# Directions
Below are entries; copy exactly the lines from the one with "Lions (Panthera leo), cubs, Masai" through the one with "90歲的陳作楠是場中最高齡者,也以擅長的草書輕鬆揮毫春聯。記者張裕珍/攝影", both included, and leave out the rest.

# Data shown
►
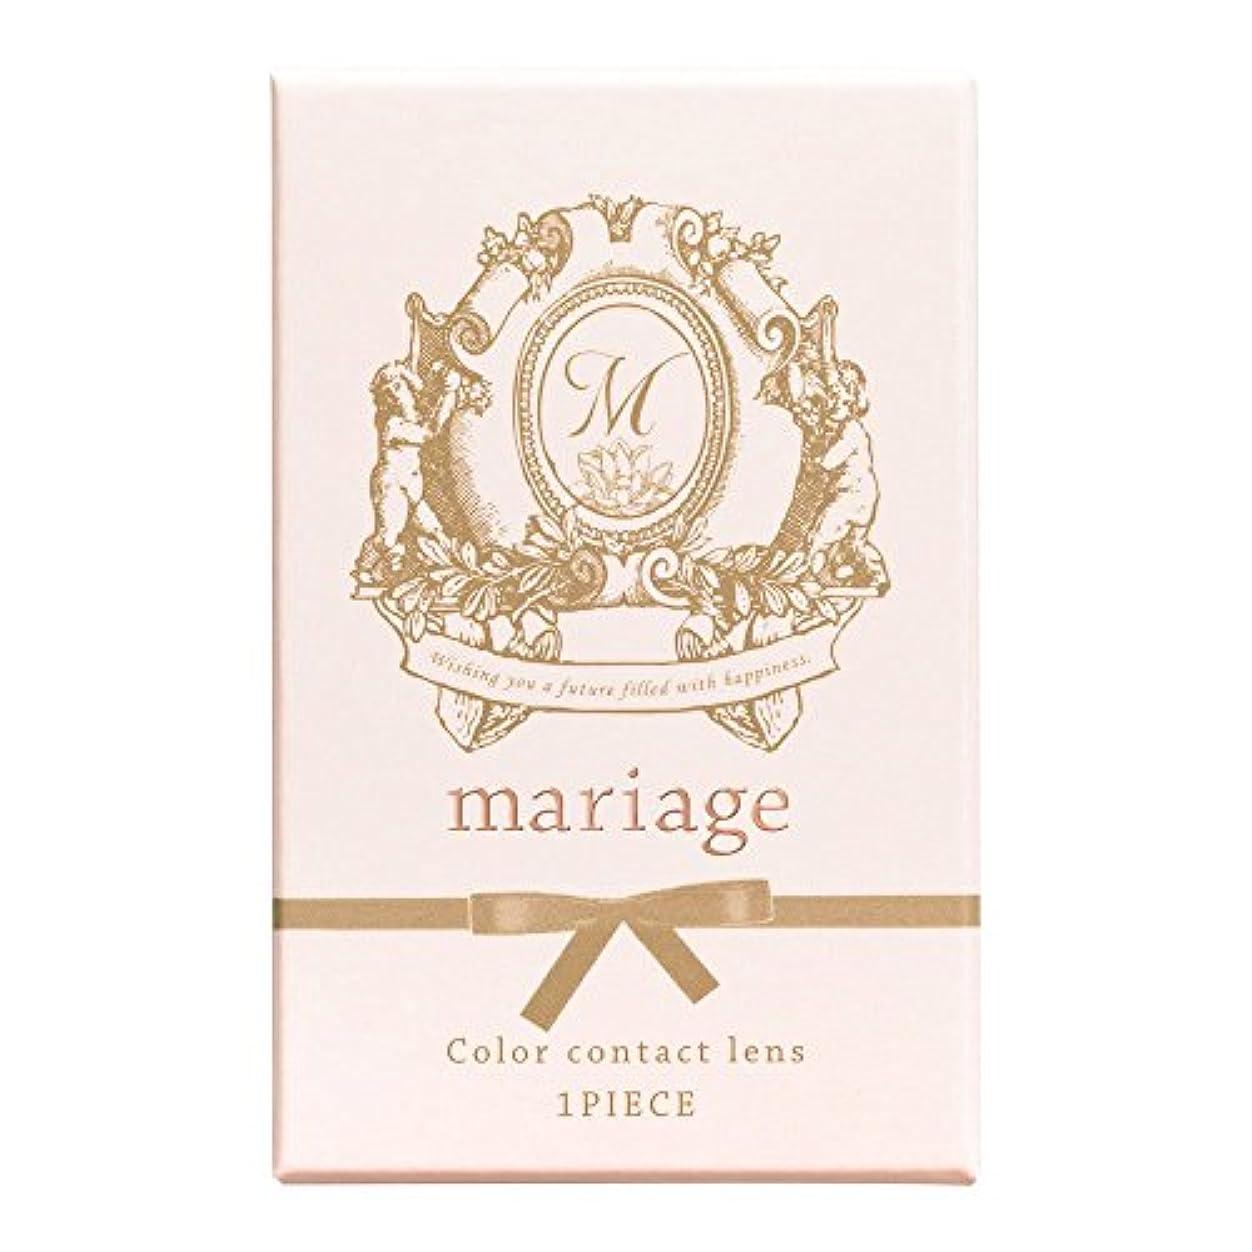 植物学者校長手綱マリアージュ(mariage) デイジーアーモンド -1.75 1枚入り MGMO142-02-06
◄
►
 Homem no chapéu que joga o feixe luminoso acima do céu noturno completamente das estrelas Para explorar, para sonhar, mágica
◄
►
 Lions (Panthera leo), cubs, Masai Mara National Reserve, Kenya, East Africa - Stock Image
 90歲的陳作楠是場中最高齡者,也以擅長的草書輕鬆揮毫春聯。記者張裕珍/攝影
◄
# Exercise result
 Lions (Panthera leo), cubs, Masai Mara National Reserve, Kenya, East Africa - Stock Image
 90歲的陳作楠是場中最高齡者,也以擅長的草書輕鬆揮毫春聯。記者張裕珍/攝影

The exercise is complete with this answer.